-------- Data section --------

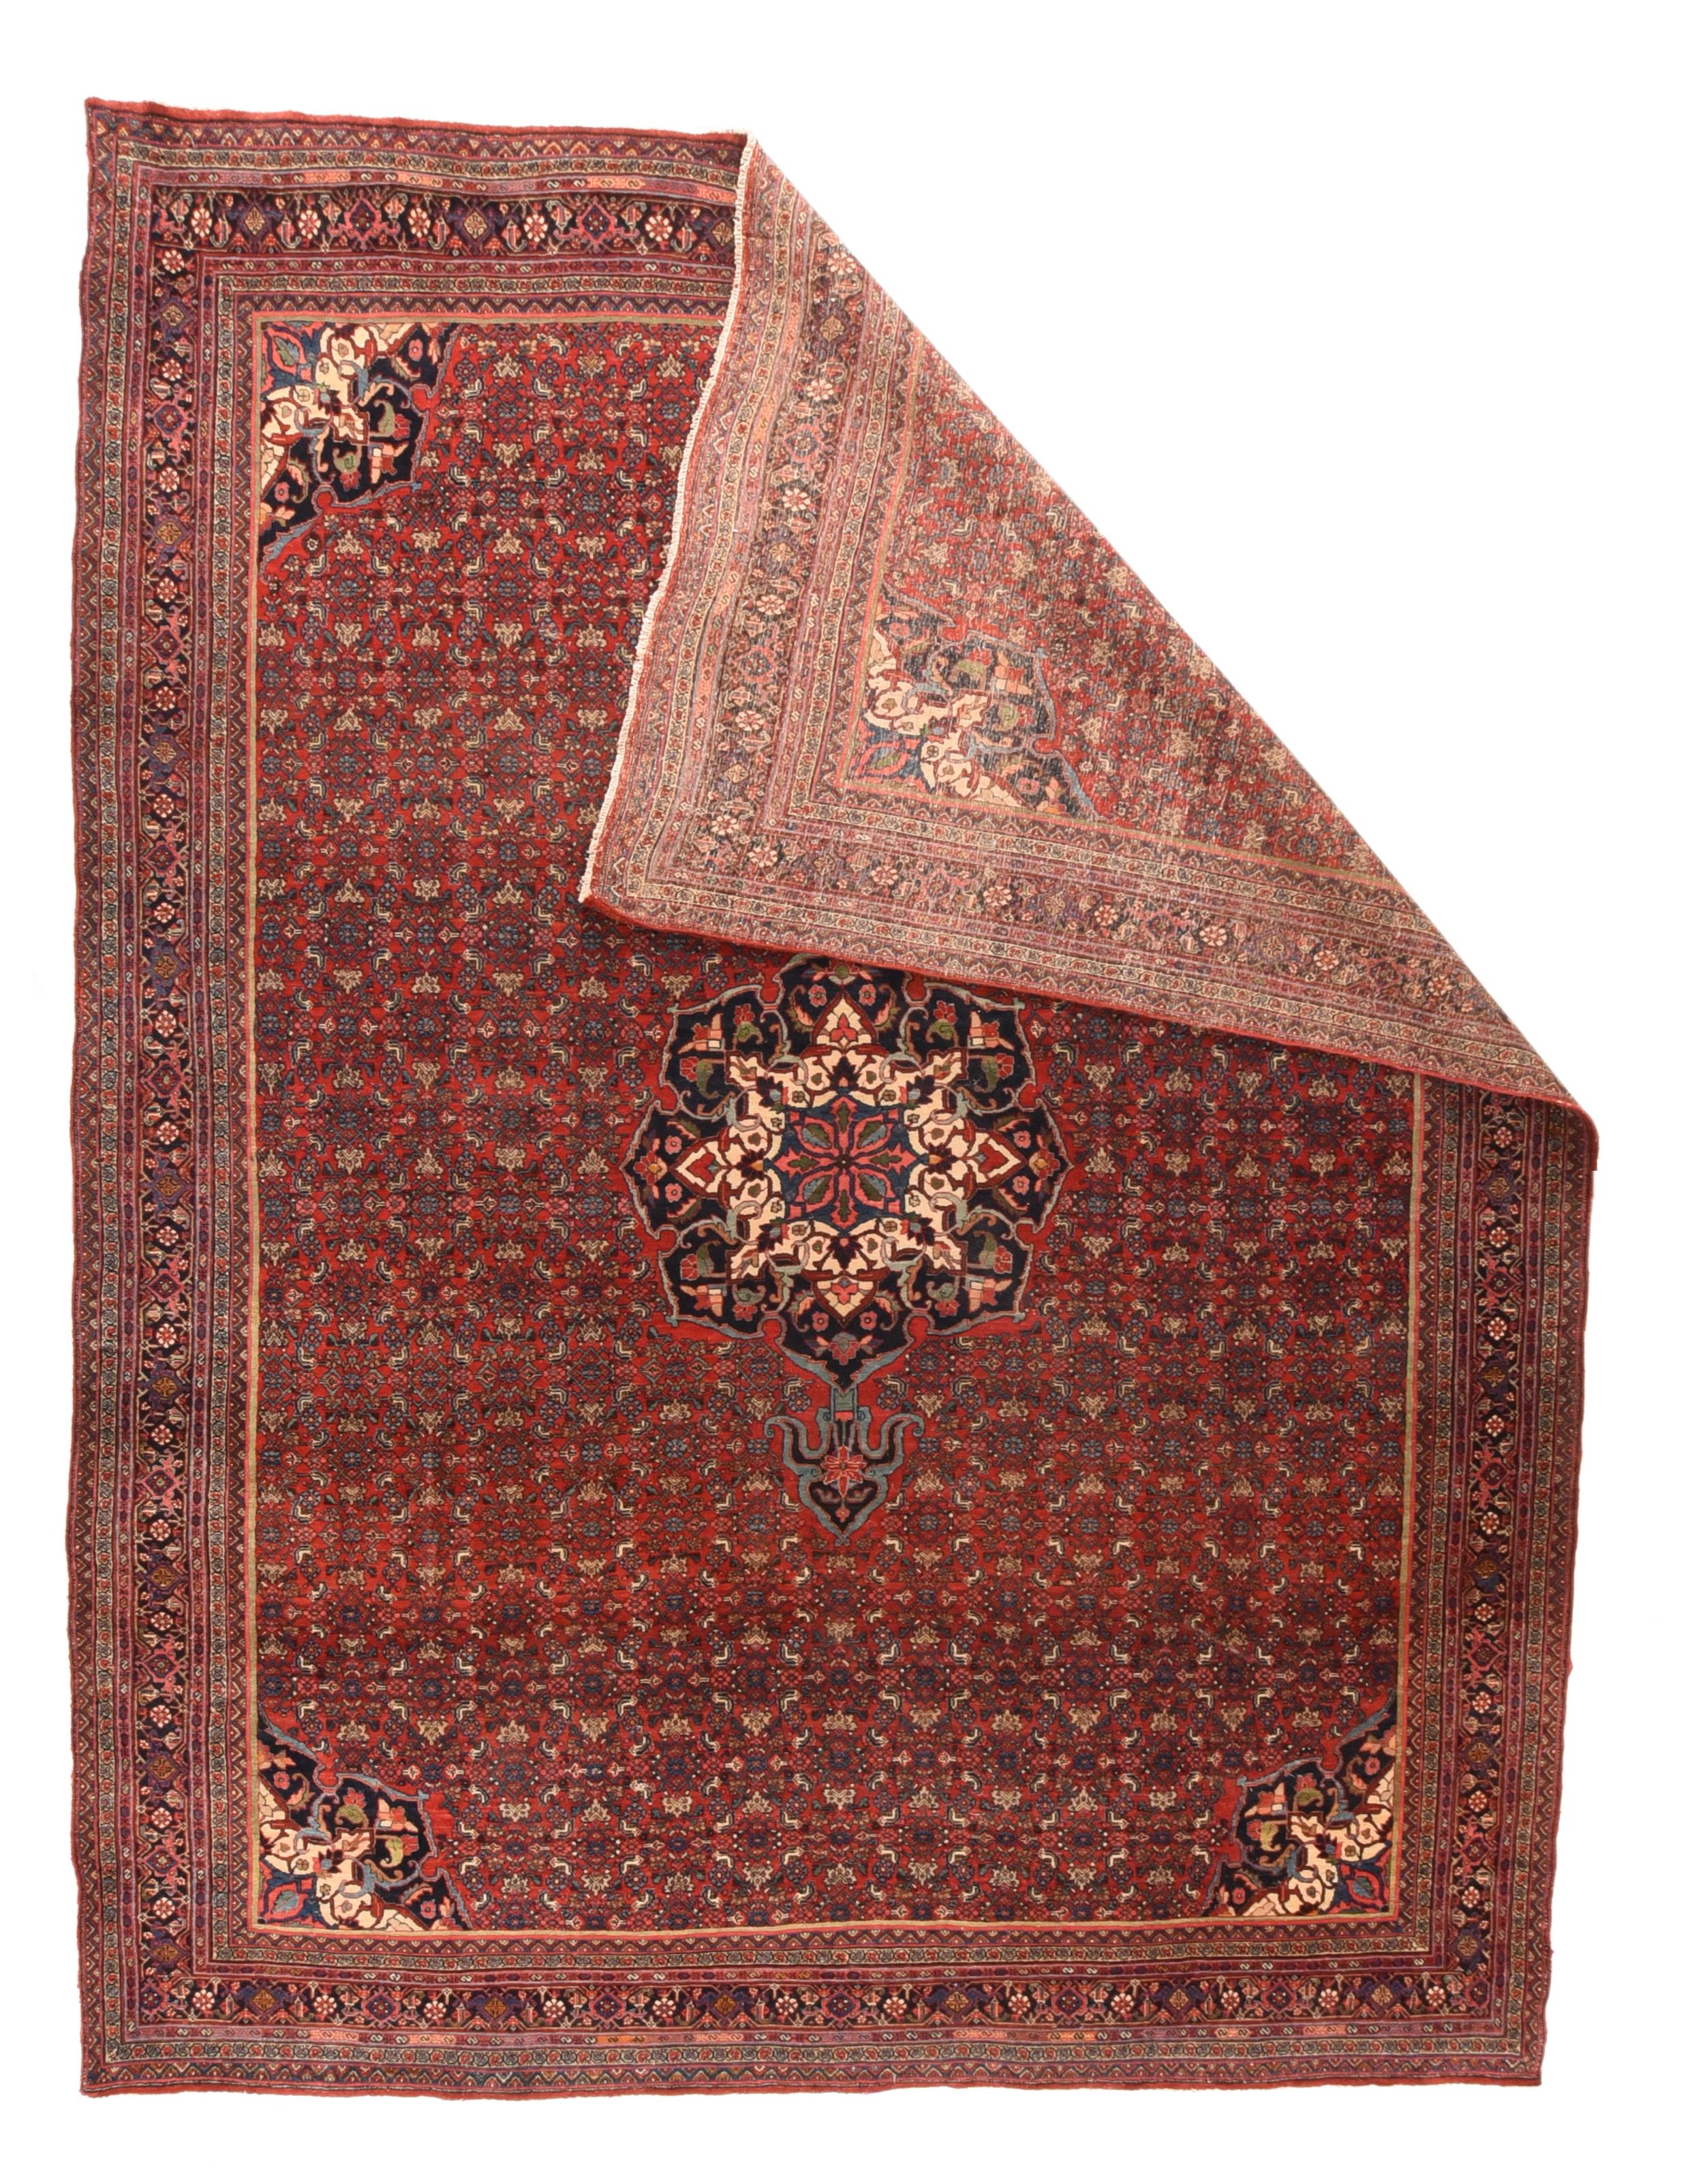 Ce tapis de ville kurde de Perse occidentale sur coton, relativement moderne, conserve les mains traditionnelles en forme de planche et le tissage ultra-compact. Le champ écarlate est orné d'un petit hérati répété, le tout soutenant un médaillon
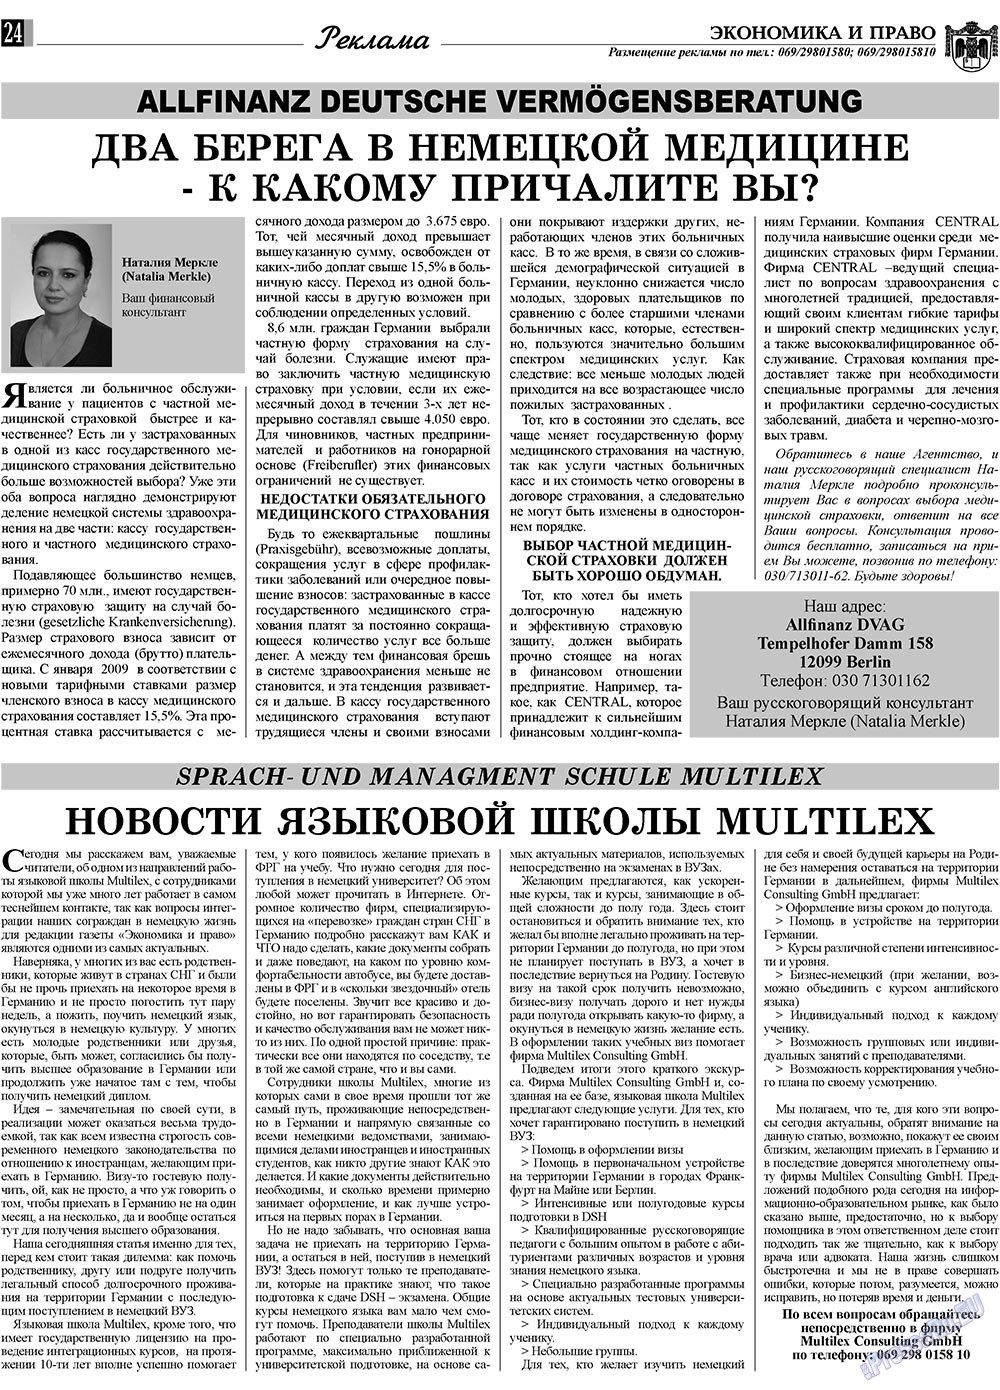 Экономика и право, газета. 2009 №6 стр.24
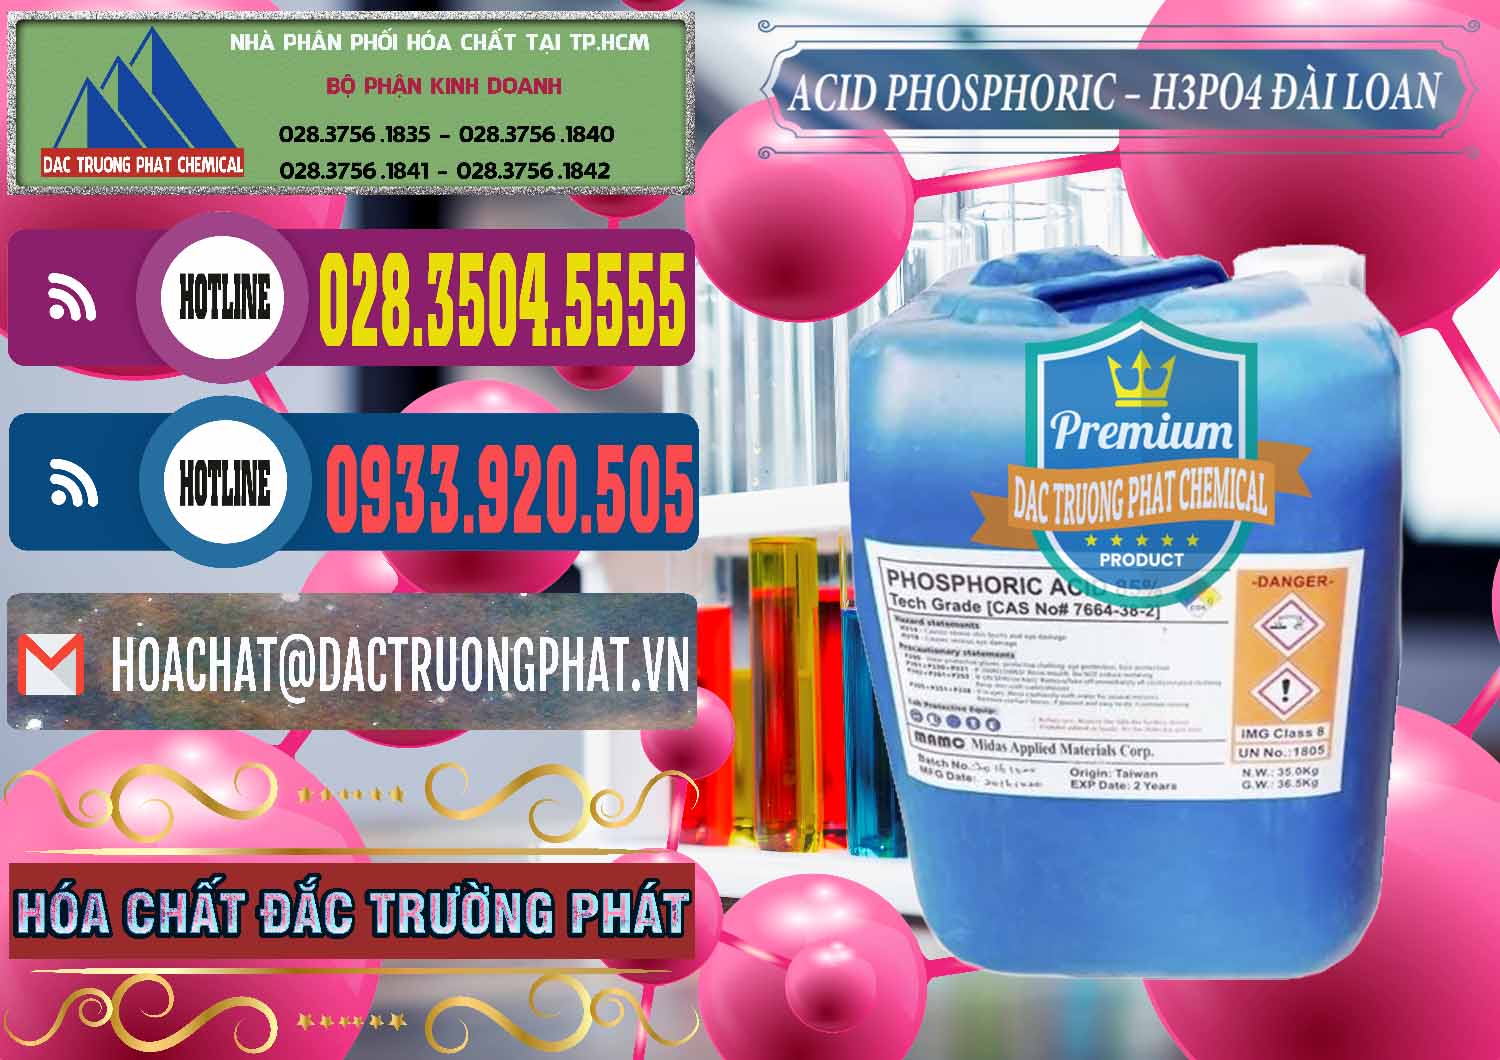 Công ty chuyên cung cấp ( bán ) Axit Phosphoric - Acid Phosphoric H3PO4 85% Đài Loan Taiwan - 0351 - Nơi chuyên phân phối - bán hóa chất tại TP.HCM - muabanhoachat.com.vn
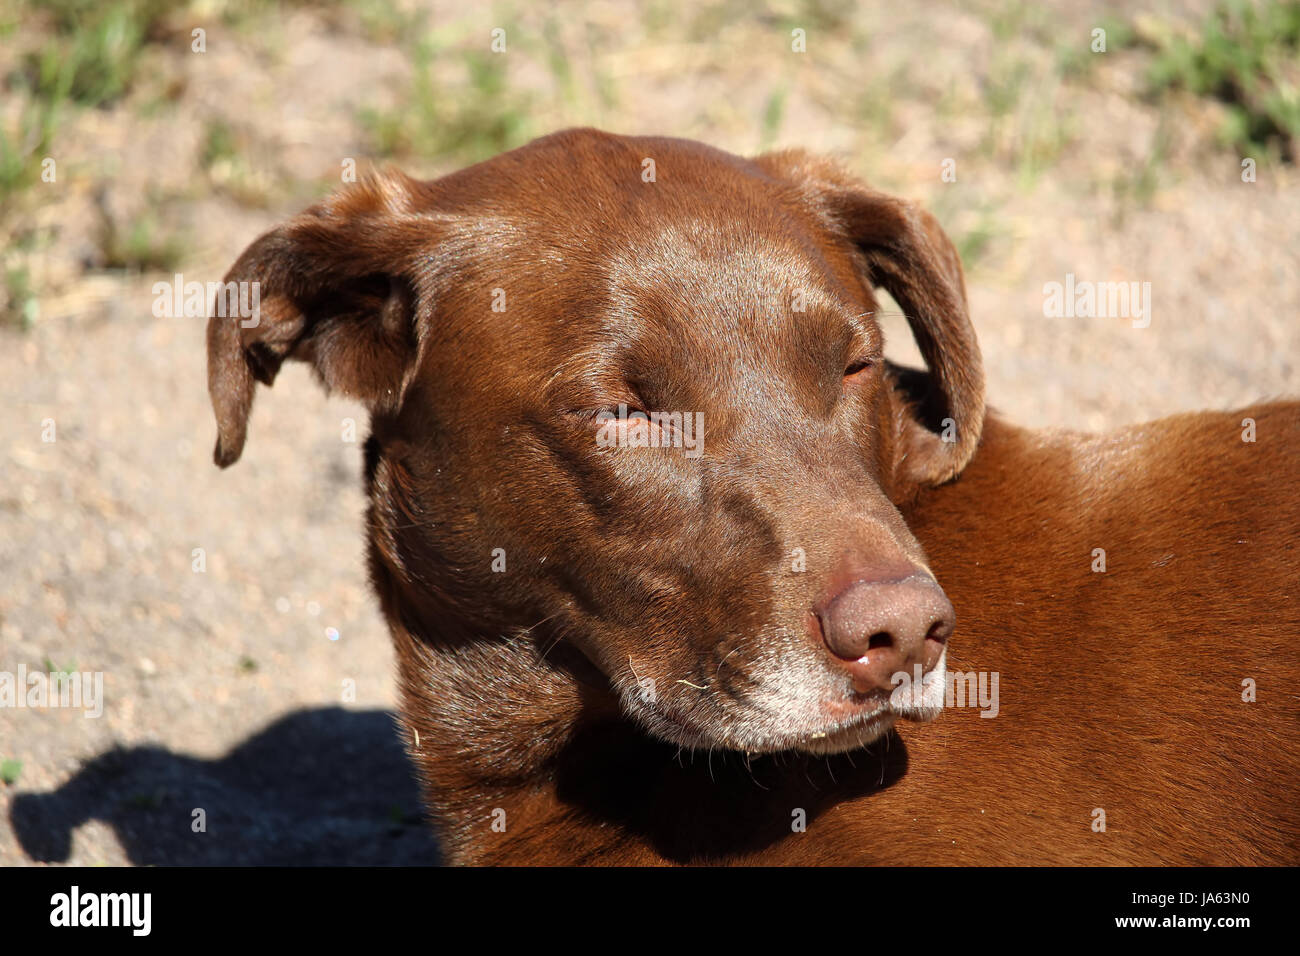 Cane con la faccia gonfia immagini e fotografie stock ad alta risoluzione -  Alamy

--------

Retype the data exactly; images stay out.

 Ce tapis de ville kurde de Perse occidentale sur coton, relativement moderne, conserve les mains traditionnelles en forme de planche et le tissage ultra-compact. Le champ écarlate est orné d'un petit hérati répété, le tout soutenant un médaillon
 Экономика и право, газета. 2009 №6 стр.24
 Công ty chuyên cung cấp ( bán ) Axit Phosphoric - Acid Phosphoric H3PO4 85% Đài Loan Taiwan - 0351 - Nơi chuyên phân phối - bán hóa chất tại TP.HCM - muabanhoachat.com.vn
 Cane con la faccia gonfia immagini e fotografie stock ad alta risoluzione -  Alamy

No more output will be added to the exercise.